» **What you should do**: From the first line of the listing to the last, set down everything exactly, but skip the images.

» **Information shown**:
====================

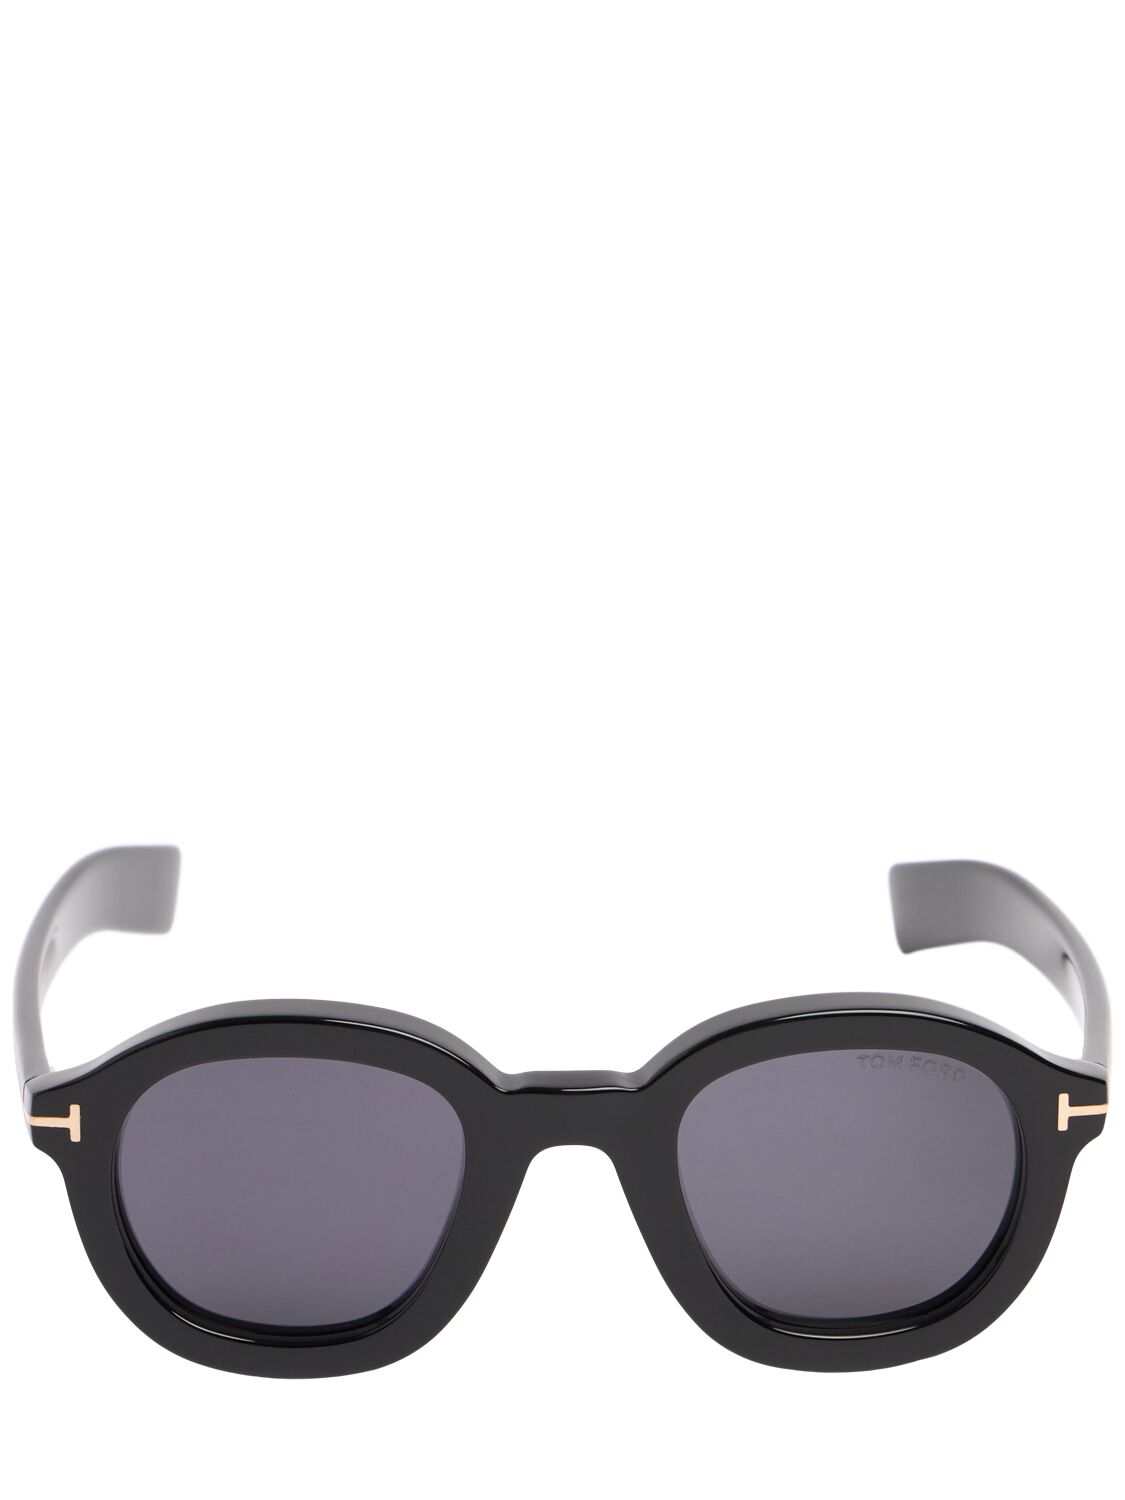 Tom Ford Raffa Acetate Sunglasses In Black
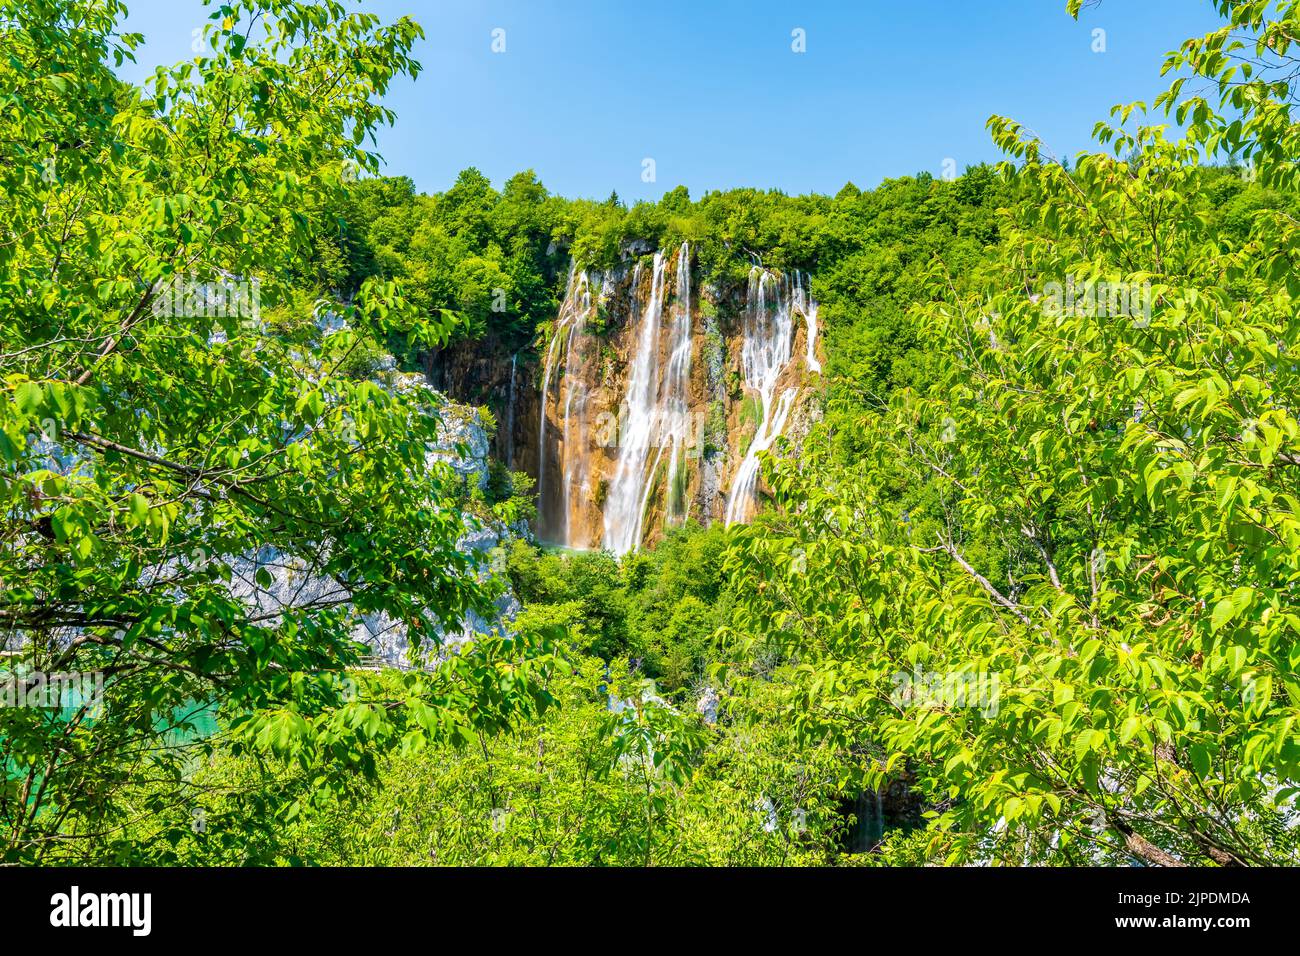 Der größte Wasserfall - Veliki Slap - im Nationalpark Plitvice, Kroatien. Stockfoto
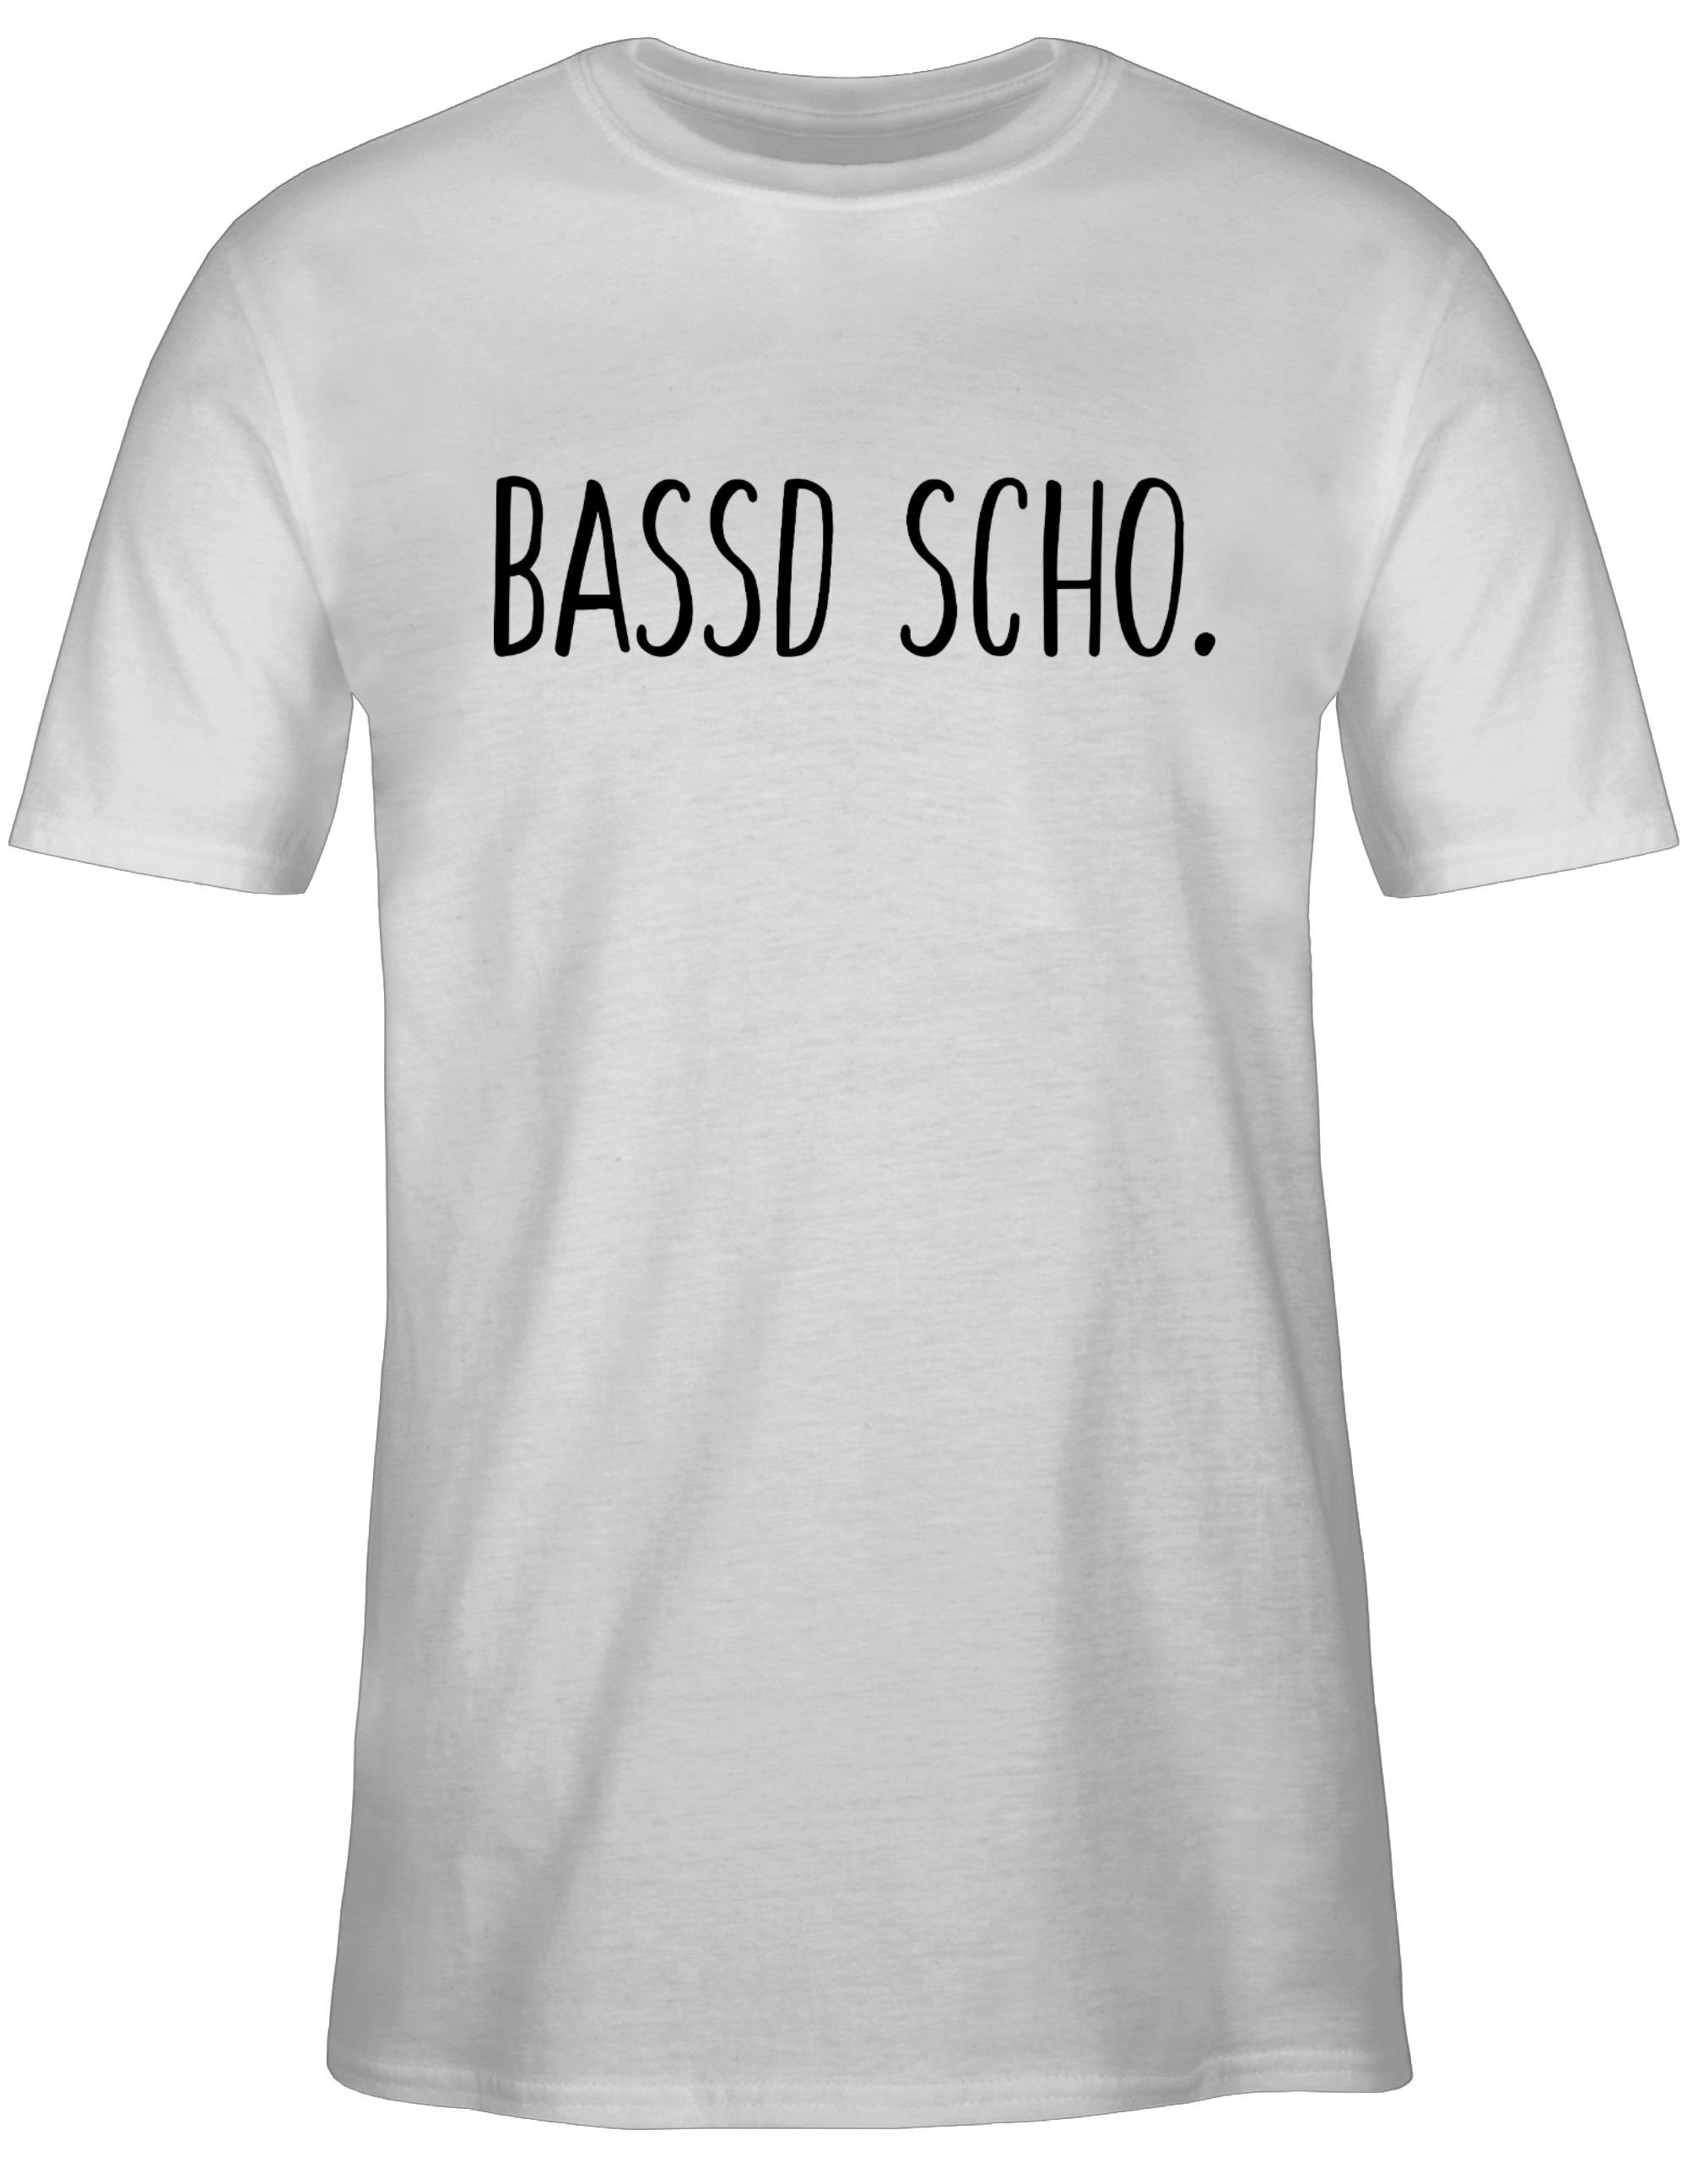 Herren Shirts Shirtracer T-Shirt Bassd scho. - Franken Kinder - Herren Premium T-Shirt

====================

» **Answer space**:
 Tom Ford Raffa Acetate Sunglasses In Black
 Der größte Wasserfall - Veliki Slap - im Nationalpark Plitvice, Kroatien. Stockfoto
 Herren Shirts Shirtracer T-Shirt Bassd scho. - Franken Kinder - Herren Premium T-Shirt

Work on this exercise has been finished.